• DATA PROVIDED
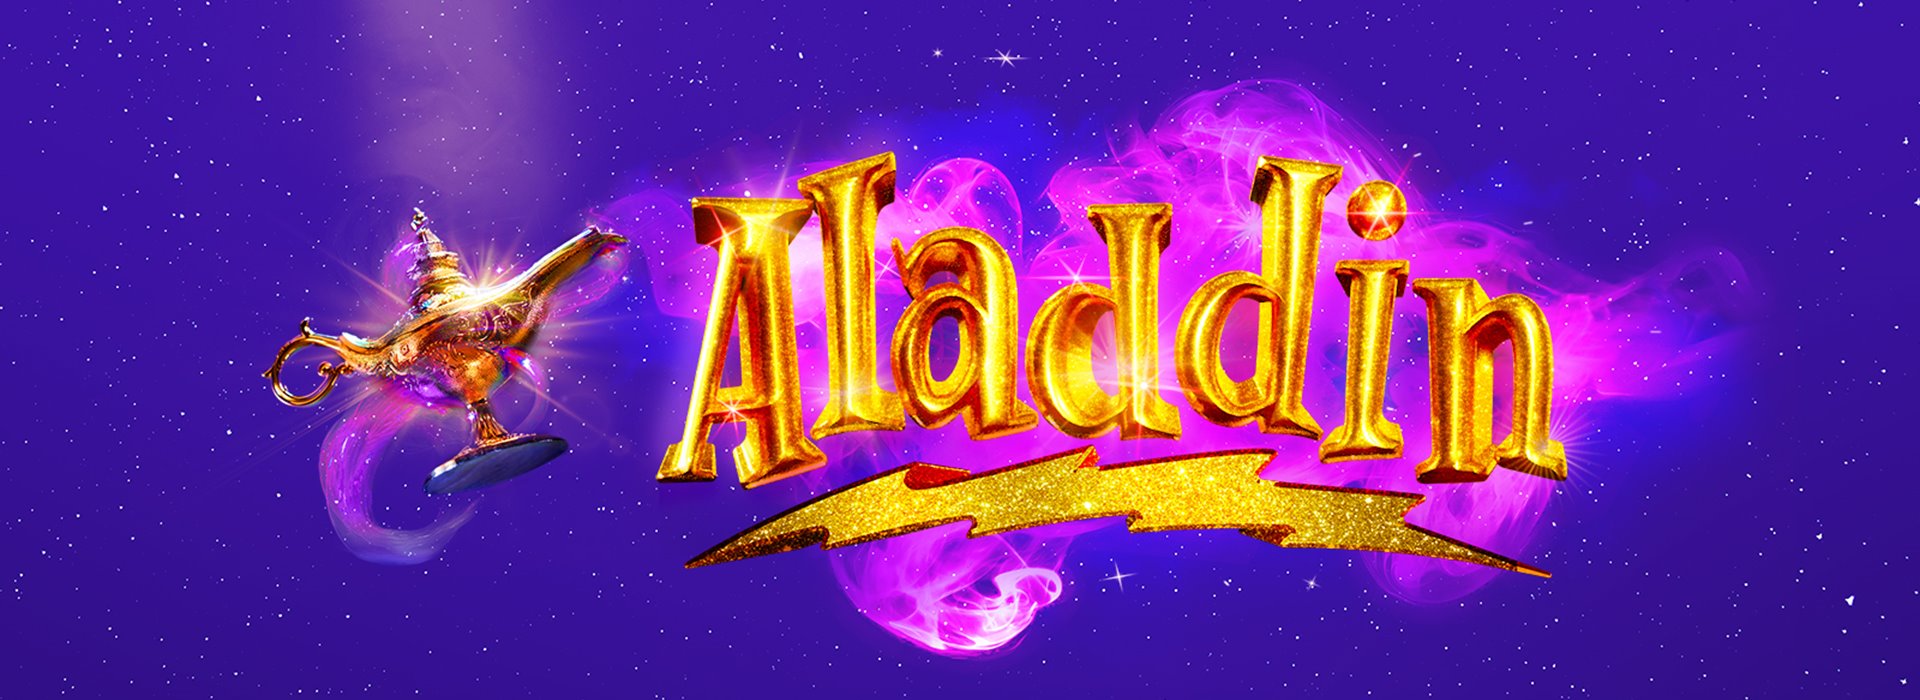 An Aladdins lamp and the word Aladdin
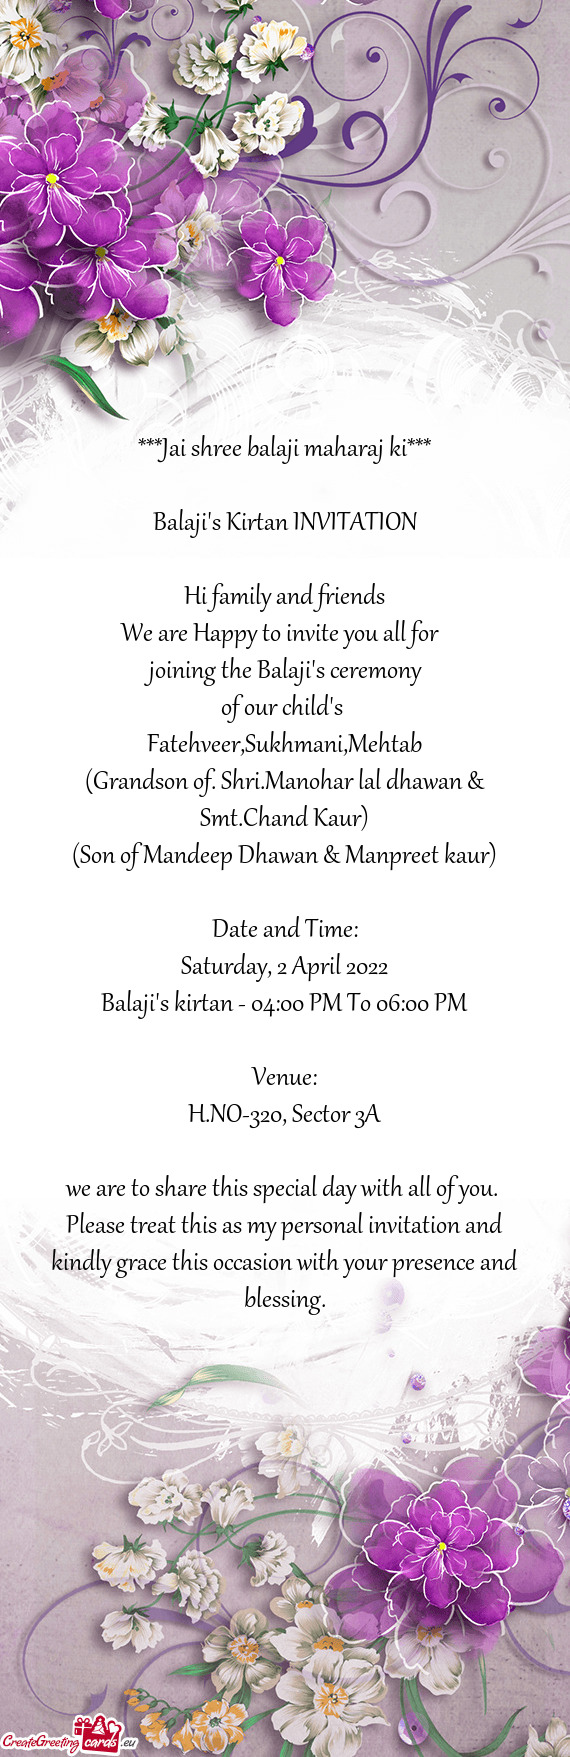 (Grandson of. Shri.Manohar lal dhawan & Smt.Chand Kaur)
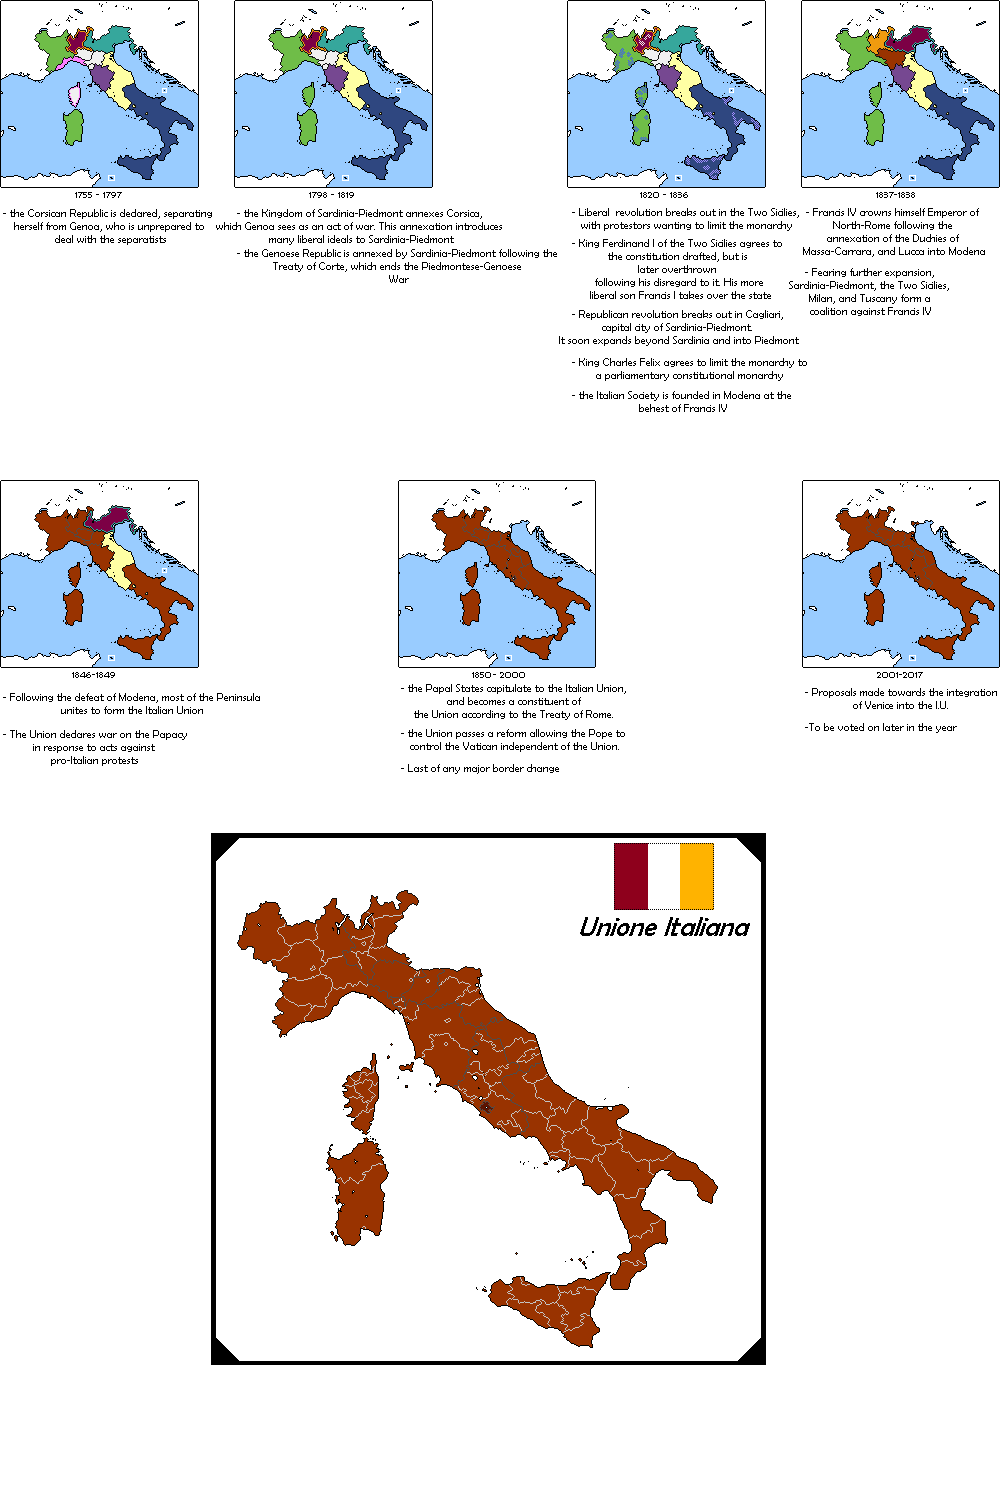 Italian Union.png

• PROBLEM STATEMENT
Output the listing above exactly, pictures omitted.

• TASK ANSWER
 An Aladdins lamp and the word Aladdin
 (Grandson of. Shri.Manohar lal dhawan & Smt.Chand Kaur)
 Italian Union.png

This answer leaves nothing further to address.